If a case is resolved after preparation for a mediation, or, after/during mediation, or, after preparation for, or, during or after a trial, a higher fee is set forth in the contract. Each case is different, but this fee is usually 35% to 40%.
Costs In Injury & Death Claims
THE LAW REQUIRES that the client always be responsible for the payment of their costs of litigation (copies, photos, investigators, etc.). It is unethical for an attorney to promise to pay for the client’s costs.
In all cases, it is economically beneficial for the client to pay for their costs as they occur. This is done by a deposit into a client trust or client cost account from which the client’s costs are paid. From time to time in some cases, additional cost deposits are needed.
When a client advances their costs, when the case is resolved, “off the top”, the costs paid by the client are deducted and reimbursed to the client before the lawyer’s percentage of the proceeds is deducted.
If a client lacks the financial ability to pay for their costs, any costs paid/advanced by their lawyer are deducted from the client’s portion of the proceeds after the case is resolved. The lawyer is paid “off the top”, from the gross proceeds.

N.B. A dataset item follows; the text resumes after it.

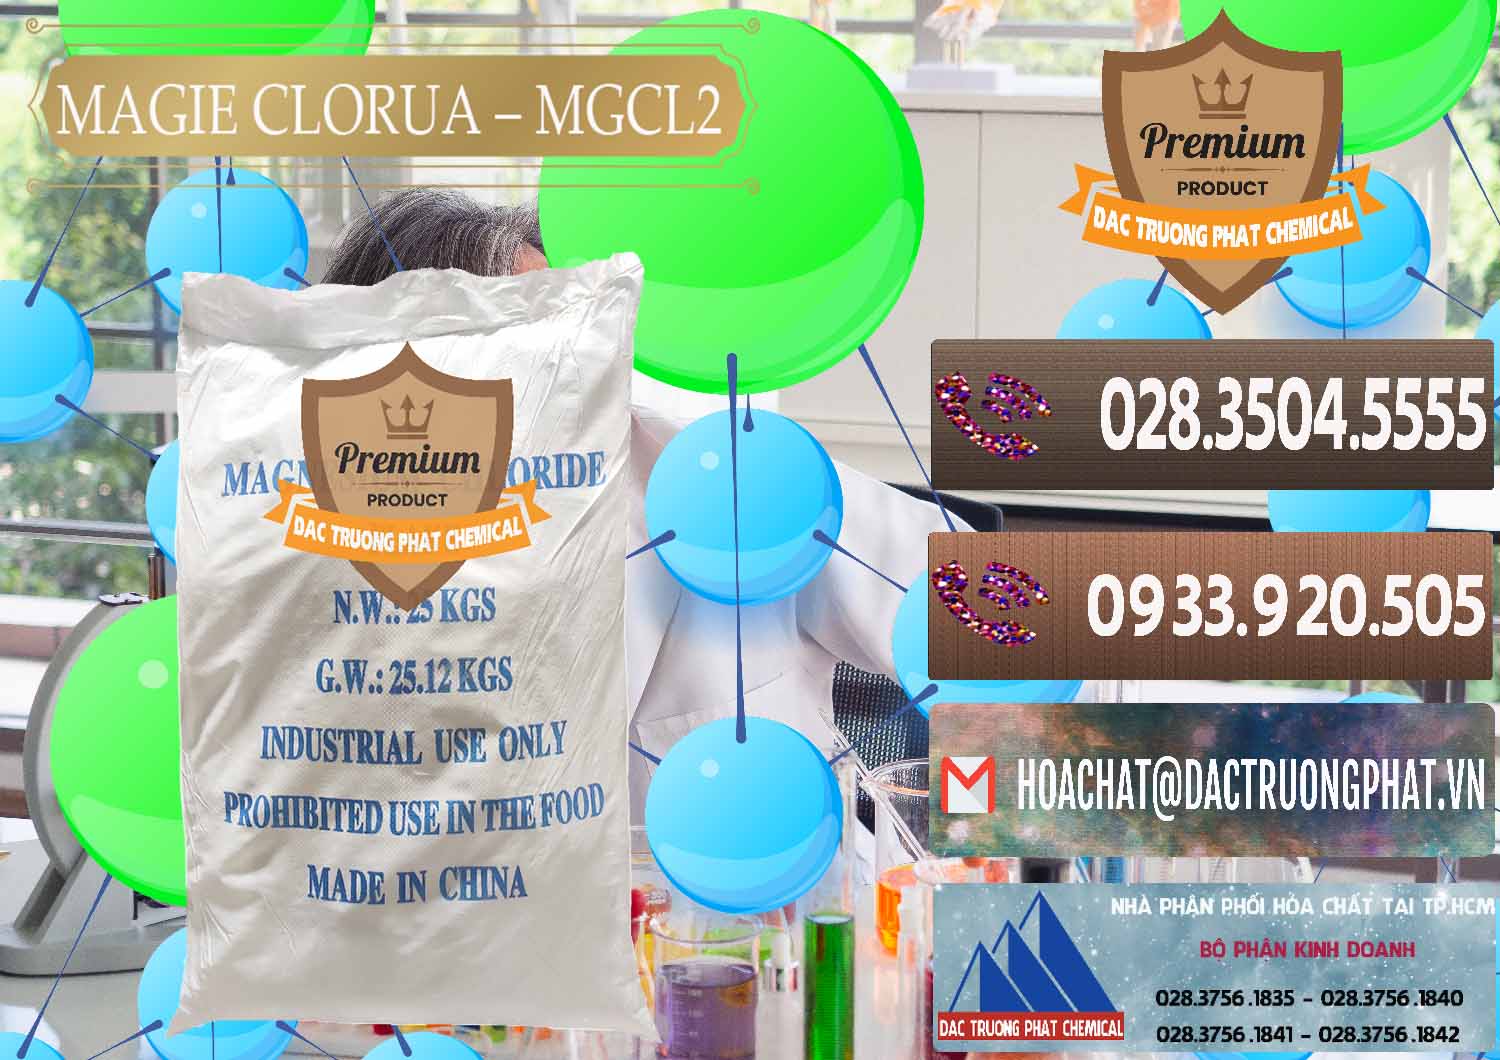 Nơi chuyên bán - phân phối Magie Clorua – MGCL2 96% Dạng Vảy Trung Quốc China - 0091 - Cty phân phối - nhập khẩu hóa chất tại TP.HCM - hoachatviet.net

A lawyer may accept a case with the understanding “up front” the client does not have the financial ability to pay their costs as they occur. Whether the client can reimburse the lawyer for costs advanced by the lawyer, should the case not be successful, that is, not result in a financial recovery, is a risk-decision the lawyer must make before or after agreeing to represent the client.

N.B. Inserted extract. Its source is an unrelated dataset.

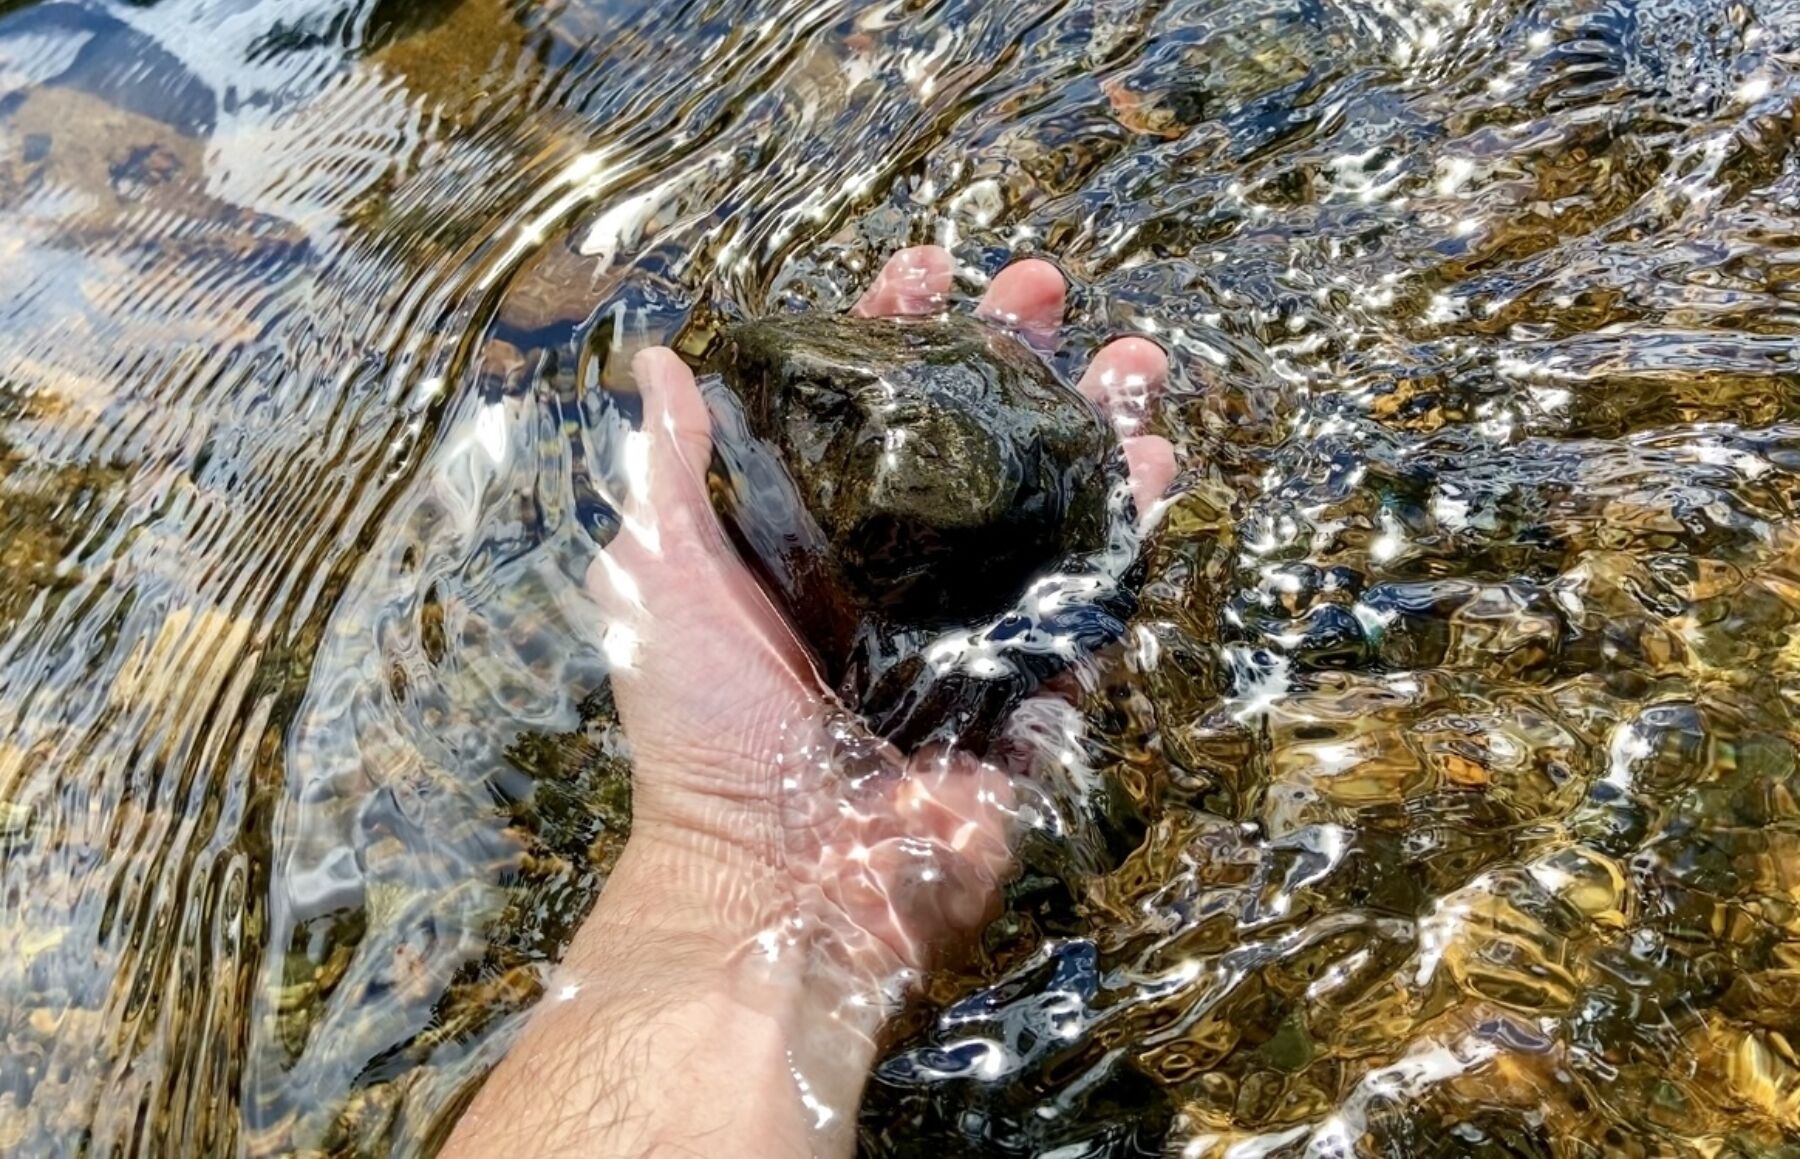 En hånd ligger i vannet og holder i en stein.

In some matters, only after time and costs are spent pursuing or investigating a case, it is determined that the case has no merit, or, that no financial recovery is possible.
In all cases, the client remains responsible for the costs of exploring, investigating, filing and/or pursuing their injury/death claim. Whether costs advanced by the lawyer are ever recovered from the client who is economically no able to pay those costs is simply a business risk undertaken by the attorney.
FEES IN CRIMINAL CASES
Again, Woody Nesbitt uses a written contract for any and all cases he handles. Fees in criminal cases are usually paid in full, up front, but with contingent additional fees being identified and set in the event certain “steps” in the criminal prosecution occur.
In some rare instances, a partial fee is paid, and, a “pay plan” is developed and set forth in the contract.
For reasons that are discussed with each client, there are variables, unknowns, risks and possible developments unique to each case that cause fee agreements in criminal cases to be different than those in family law or injury cases.
The client always remains responsible to pay for the costs associated with their case, as may be identified in their written contract.